Problem to scrape several tags at once VB .NET

Topics: Developer Forum, User Forum
Mar 17, 2011 at 6:30 PM

Hi Guys,
I'm a pretty new HTML Agility Pack user, only played around with it last few days
trying to scrape some business info but I can't get it to work as I want.

Instead of trying to explain in writing, I better show you my code below.

The result I get is this, different company name, but all with same phone and address:
   Le Soleil Spa, 403-766-9231, 2359 Banff Trail NW, Calgary, AB, T2M4L2
   Spa Ritual The, 403-766-9231, 2359 Banff Trail NW, Calgary, AB, T2M4L2
   Sante Spa, 403-766-9231, 2359 Banff Trail NW, Calgary, AB, T2M4L2

And this is what I am expecting to get:
   Le Soleil Spa, 403-766-9231, 2359 Banff Trail NW, Calgary, AB, T2M4L2
   Spa Ritual The, 403-766-9231, 106 Crowfoot Terr NW, Calgary, AB, T3G4J8
   Sante Spa, 403-766-9231, 240-508 24 Ave SW, Calgary, AB, T2S0K4

I hope someone can show me what I done wrong, since I almost pulled my hair off already while trying to figure it out ...
If I'm on a totally wrong road here, please show me some sample (VB) code that will point me the right way ...

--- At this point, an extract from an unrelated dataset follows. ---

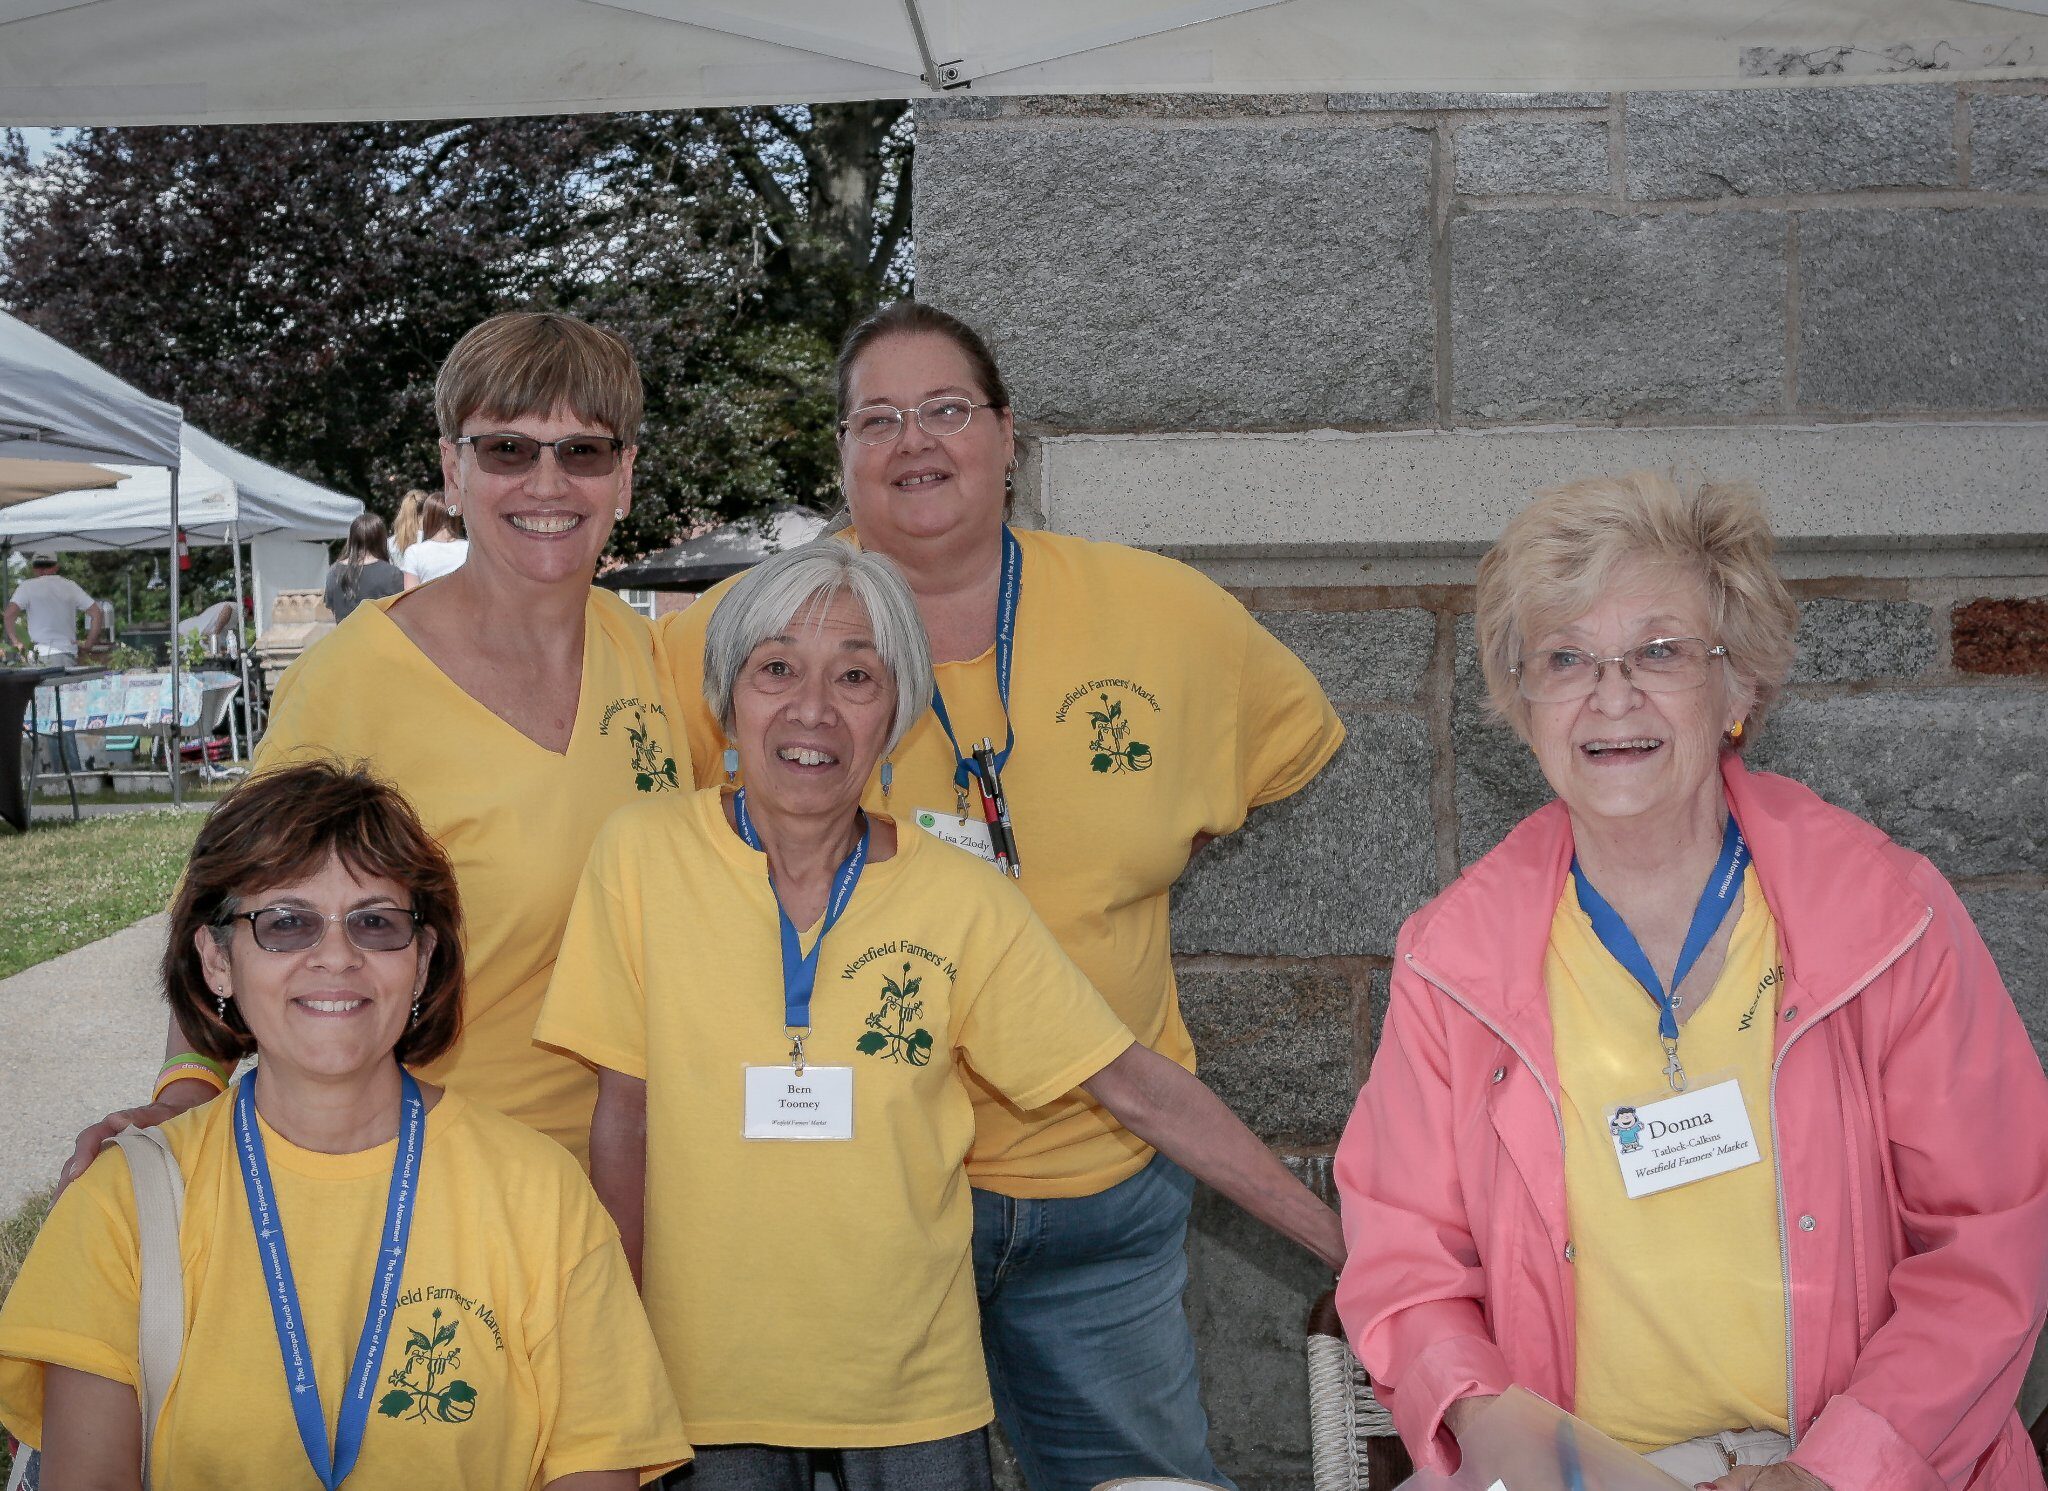 five smiling women wearing yellow t-shirts

  Private Function CleanItem(ByVal sRecord As String)
    Dim replaceUnwanted As String = ""
    replaceUnwanted = sRecord.Replace("&", "&") '
    replaceUnwanted = replaceUnwanted.Replace("'", "'")
    Return replaceUnwanted
  End Function


  Private Sub do_scrape()
    ' This is the URL I'm testing to scrape info from
    '  http://www.yellowpages.ca/search/si/1/Estheticians/Calgary+AB

    Dim content As String = ""
    Dim address As HtmlAgilityPack.HtmlNode
    Dim phone As HtmlAgilityPack.HtmlNode

    Dim doc As New HtmlAgilityPack.HtmlDocument()
    doc.Load(WB1.DocumentStream)
    Dim hnc As HtmlAgilityPack.HtmlNodeCollection = doc.DocumentNode.SelectNodes("//span[@class='listingTitle']")

    For Each link As HtmlAgilityPack.HtmlNode In hnc
      phone = link.SelectSingleNode("//h4[@class='phoneLink']/a")
      address = link.SelectSingleNode("//div[@class='address']")

      content &= CleanItem(link.InnerText) & ", " & Trim(phone.InnerText) & ", " & Trim(address.InnerText) & vbNewLine
    Next

    txtResult.Text = content

End Sub

Mar 18, 2011 at 8:39 PM

Try this instead:

HtmlNodeCollection nodes = htmlDocument.DocumentNode.SelectNodes("//div[@class='listingDetail']");
foreach(HtmlNode node in nodes)
{
    HtmlNode phone = node.SelectSingleNode("./div/h4[@class='phoneLink']/a");
    HtmlNode address = node.SelectSingleNode("./div[@class='listingDetailLHS']/div[@class='address']");
}

Mar 20, 2011 at 9:52 AM

Thanx roux!

I got it working like a charm now :)